É NATAL..

OPINIÃO

Afonso Almeida Brandão

(Com amizade à pintora Leonor Veiga, cuja obra admiro e acompanho)

Percebemos que a vida tem mesmo graça quando mal abrimos os olhos pela manhã e nos lembramos de uma coisa que nos apetece imenso fazer. Dispensamos aquele período de “terra de ninguém”, em que ainda de olhos fechados tentamos perceber se está claro lá fora, se chove ou faz sol. Eis que saltamos da cama em dois segundos e logo pomo-nos a assobiar. Não interessa a natureza do programa — pode ser o dia em que vamos dar a volta ao Mundo ou simplesmente aquele em que temos a certeza que o carteiro nos vai trazer uma carta. Agora, nesta época de Natal, basta acreditar que um dos anjinhos do Pai Natal veio buscar o envelope que lhe deixamos ao pé da chaminé, na noite de 24 para 25. O importante é ter expectativas, acreditar que aquele dia vai ser diferente do anterior e, se possível, ainda melhor. Precisamos de expectativas, é a conclusão a que cheguei, e de surpresas — até porque para haver surpresas é preciso gente que nos saiba surpreender e isso é o melhor de tudo.

Tenho a memória (ou será só a sensação?) de que as notícias e os acontecimentos eram saboreados, um de cada vez — o primeiro dia de aulas de cada ano, a manhã em que o ratinho tinha deixado uma moeda por troca de um dos nossos dentes, a chegada de um primo, o primeiro dia de férias de natal, o natal, a manhã em que esperávamos que o feijão plantado no dia anterior já chegasse ao Céu, como o da história. Um casamento, preparativos e tudo, dava para mais dois meses… E mal “acabávamos” um acontecimento, começávamos a antecipar o próximo, marcado já no calendário. As coisas más também duravam muito mais — as separações, as brigas, a morte e o luto. Mas tudo isto foi há 60 anos.

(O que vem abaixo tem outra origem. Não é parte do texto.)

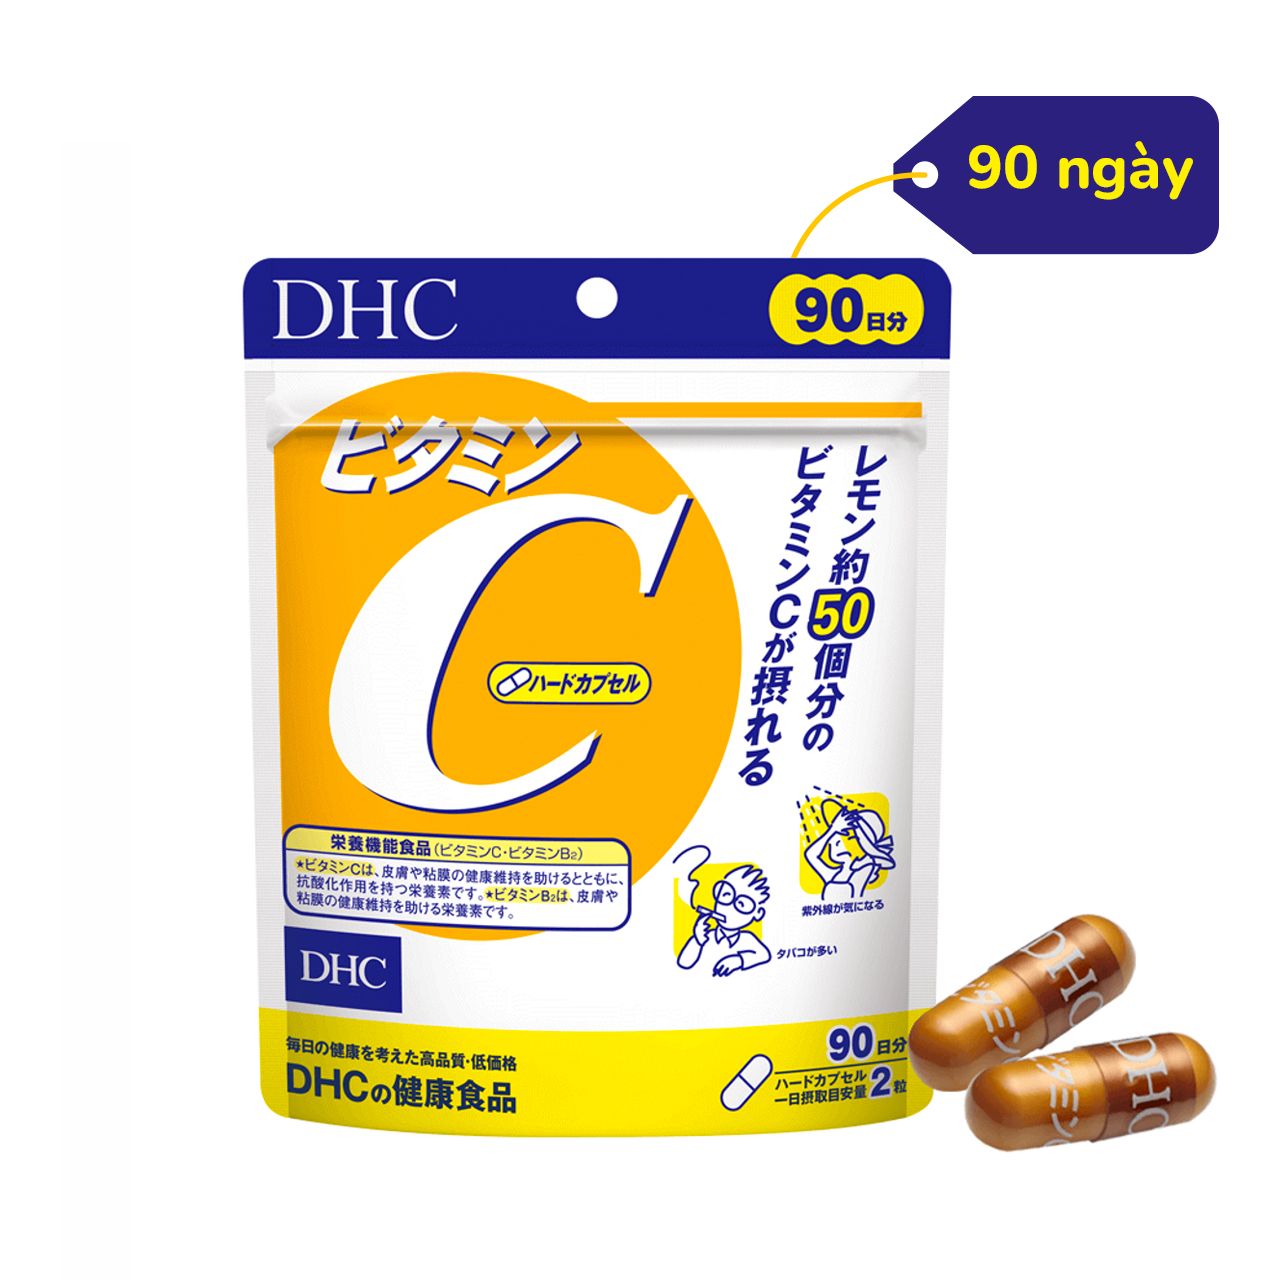 DHC Viên uống bổ sung Vitamin C 90 ngày – DADA Beauty

Agora consumimos as sensações muito mais depressa. Só temos tempo para pensar no Natal, na véspera e se a nossa mãe não nos telefonar a lembrar esquecemo-nos dos nossos próprios anos. As semanas passam a correr e se a ida ao dentista já não nos dá noites a fio de pesadelo — graças às anestesias, é verdade, mas também ao facto de não podermos desperdiçar muito tempo a remoer no assunto — também a chegada de um amigo é “despachada” com um jantar apressado, porque amanhã toda a gente se tem de levantar cedo.

Tudo isto só significa um desafio à imaginação, temos de inventar mais surpresas por minuto — para nós próprios e para os outros — ou reinventar as antigas.

Não diga que não é capaz, porque basta ver o que faz a Publicidade. Sempre que julga que mais ninguém vai inventar uma maneira de o fazer tirar os olhos da estrada, das páginas de texto de uma Revista ou de um qualquer Jornal, do Livro que lê em frente da Televisão, há alguém que descobre uma maneira de o fazer olhar.

Basta transportar, para o dia-a-dia e para as relações com os outros, a imaginação dos criativos de marketing e vai ver que salta todos os dias da cama com outro entusiasmo. Se suspeitasse que na sua caixa de correio, em lugar daquela papelada toda a anunciar os preços nos supermercados, estava uma torrada feita só de partes do meio, com um bilhete apaixonado do seu namorado (ou do marido), ou ainda flores dos seus admiradores pela artista de eleição, que é a Amiga Leonor, ou simplesmente um exemplar de um Jornal ou de uma Revista de Arte, diga se não dispensava o despertador?

Em último caso, compre um daqueles calendários do Advento — até aí a imaginação dos designers gráficos chegou, e agora, por trás de cada janelinha, há um chocolate ou um brinquedo, porque já ninguém se levanta só para ver qual era o desenho desse dia.

Chegados aqui, só me resta terminar a desejar aos nossos leitores, aos nossos anunciantes, assinantes e prezados colegas de redacção e colaboradores efectivos, em geral, um Feliz Natal e um Ano Novo Próspero para 2022. E à pintora Leonor Veiga, igualmente, os meus votos de BOAS FESTAS!